By Dan Merica | CNN News

Rep. Marsha Blackburn will win the race to represent Tennessee in the US Senate, outlasting a challenge from former Gov. Phil Bredesen, a Democrat who looked to run against his party to win in a state President Donald Trump won by 26 percentage points in 2016.

Blackburn, a conservative lawmaker closely tied to the President, looked to nationalize the Senate race as much as possible, hoping to tap into the same conservatism that elected Trump in order to blunt some goodwill Bredesen had built up during his two terms as governor. Trump visited the state three times. Blackburn will be the first female senator to represent her state.

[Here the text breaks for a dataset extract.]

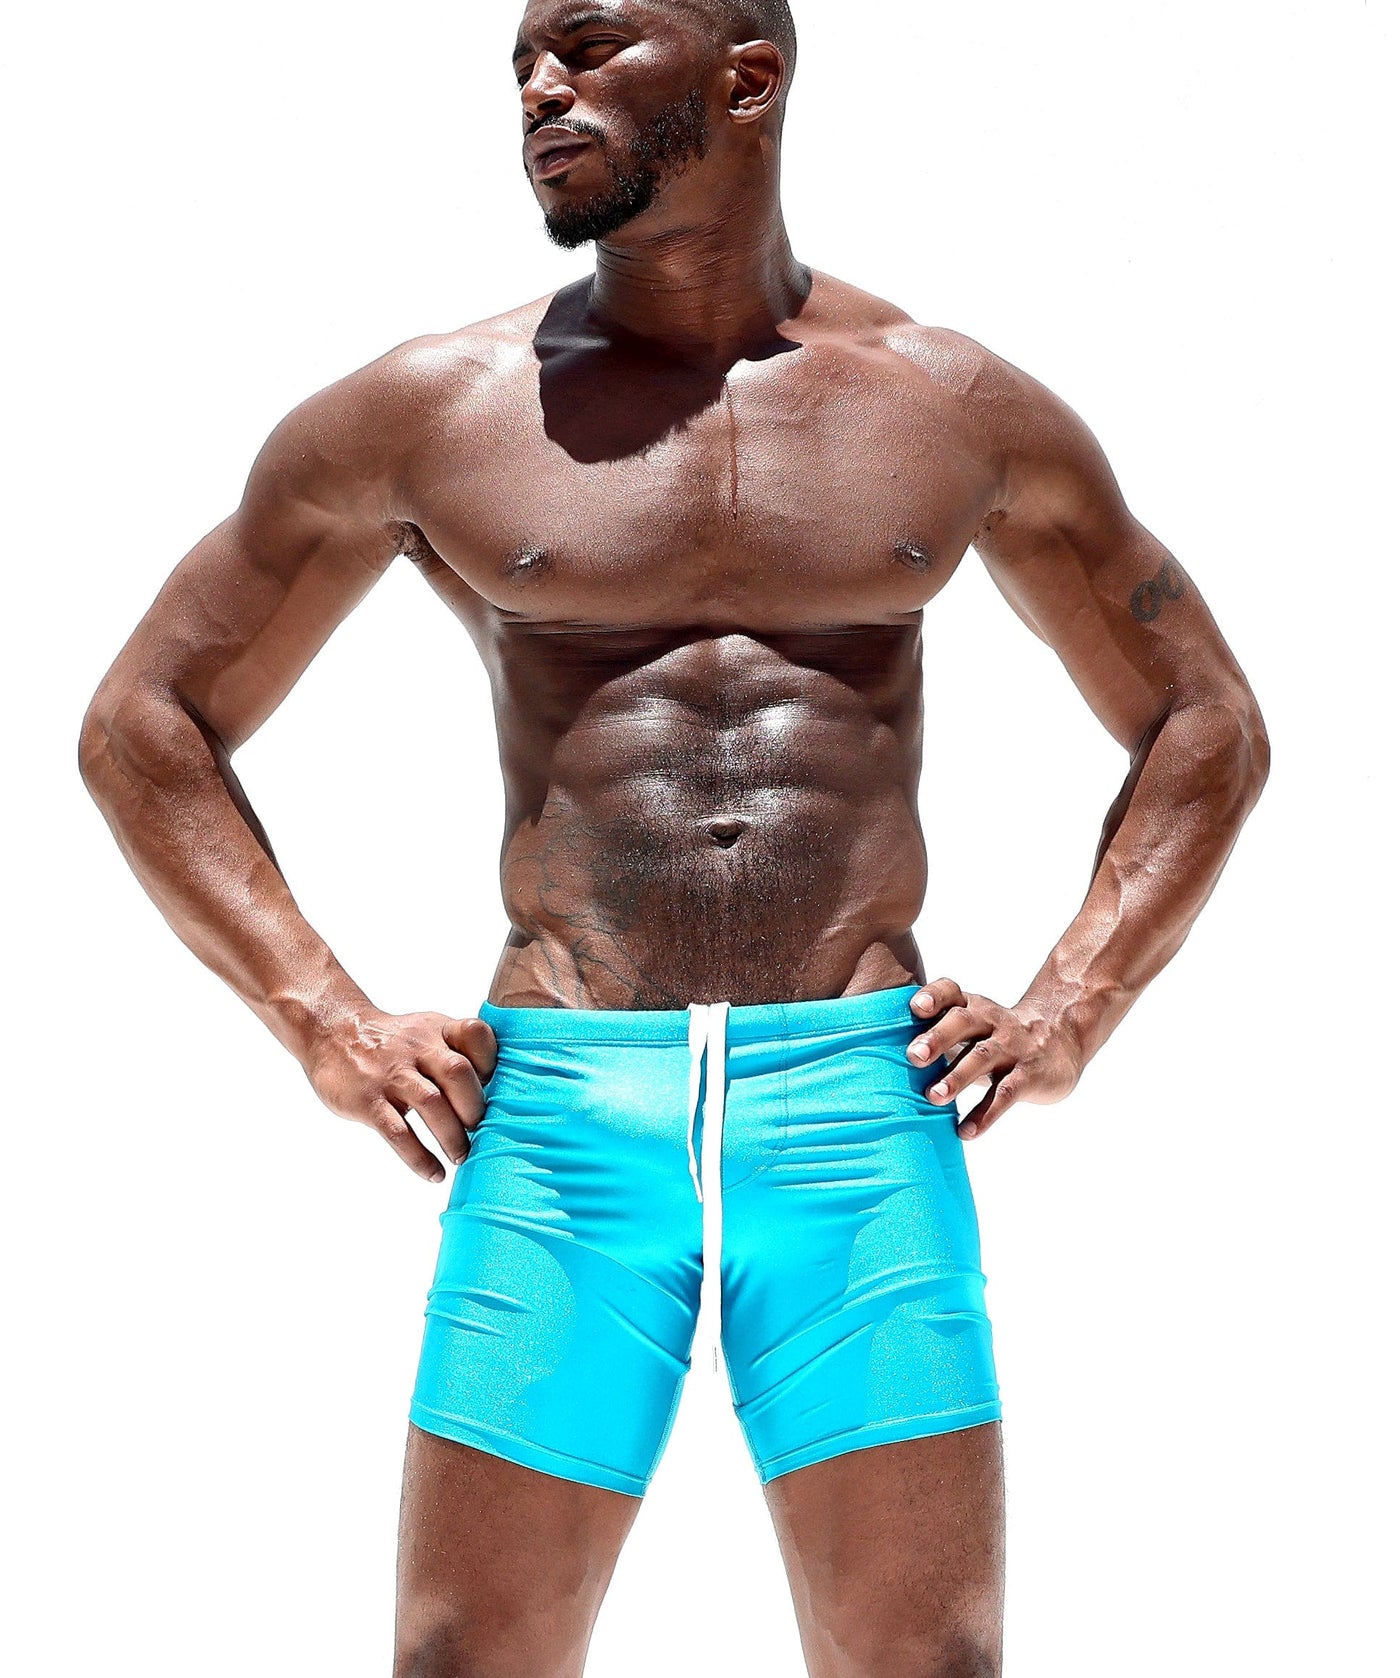 Rufskin Ziane Melrose Stretch Briefs, Since We Live in Our Underwear Now,  Here Are the 25 Best Men's Styles to Buy Online

Democrats had hoped to pick up Tennessee as part of a narrow path to retaking the Senate.

Although Bredesen ran as a Democrat, he largely ran away from the national party and regularly touted his ties to the state and independence from Washington, D.C.

The strategy was clear: He hoped to bank on the fact he won every county in the state in 2006 during his second run for governor and looked to tag Blackburn as a traditional Washington ideologue.

Bredesen got some help, too. Sen. Bob Corker, whose decision to retire opened the seat and gave way to the Democratic campaign, declined to help bury the popular Democrat, a clear sign that not all Republicans have been wooed by the Trump wing of the party.

And the former governor also energized Tennessee Democrats who had long struggled to gain traction in the state. Taylor Swift, a pop star known for staying out of politics, eagerly got behind his campaign, too.

Blackburn, however, looked to highlight Bredesen’s party affiliation at every turn, regularly tying him to Senate Minority Leader Chuck Schumer and some of the more high-profile liberal members of the legislative body.

“Phil Bredesen has said he would have voted against the tax cuts,” Blackburn said during one debate. “Chuck Schumer has bought and paid for his campaign.”

Bredesen looked to blunt the attack by telling voters he would not back Schumer for Majority Leader if he were elected.

The former governor also announced during the campaign that he would have voted in favor of Brett Kavanaugh, President Donald Trump’s controversial Supreme Court pick, whose confirmation hearings became a national event after professor Christine Blasey Ford testified that Kavanaugh had sexually assaulted her in high school. Kavanaugh denied the allegations.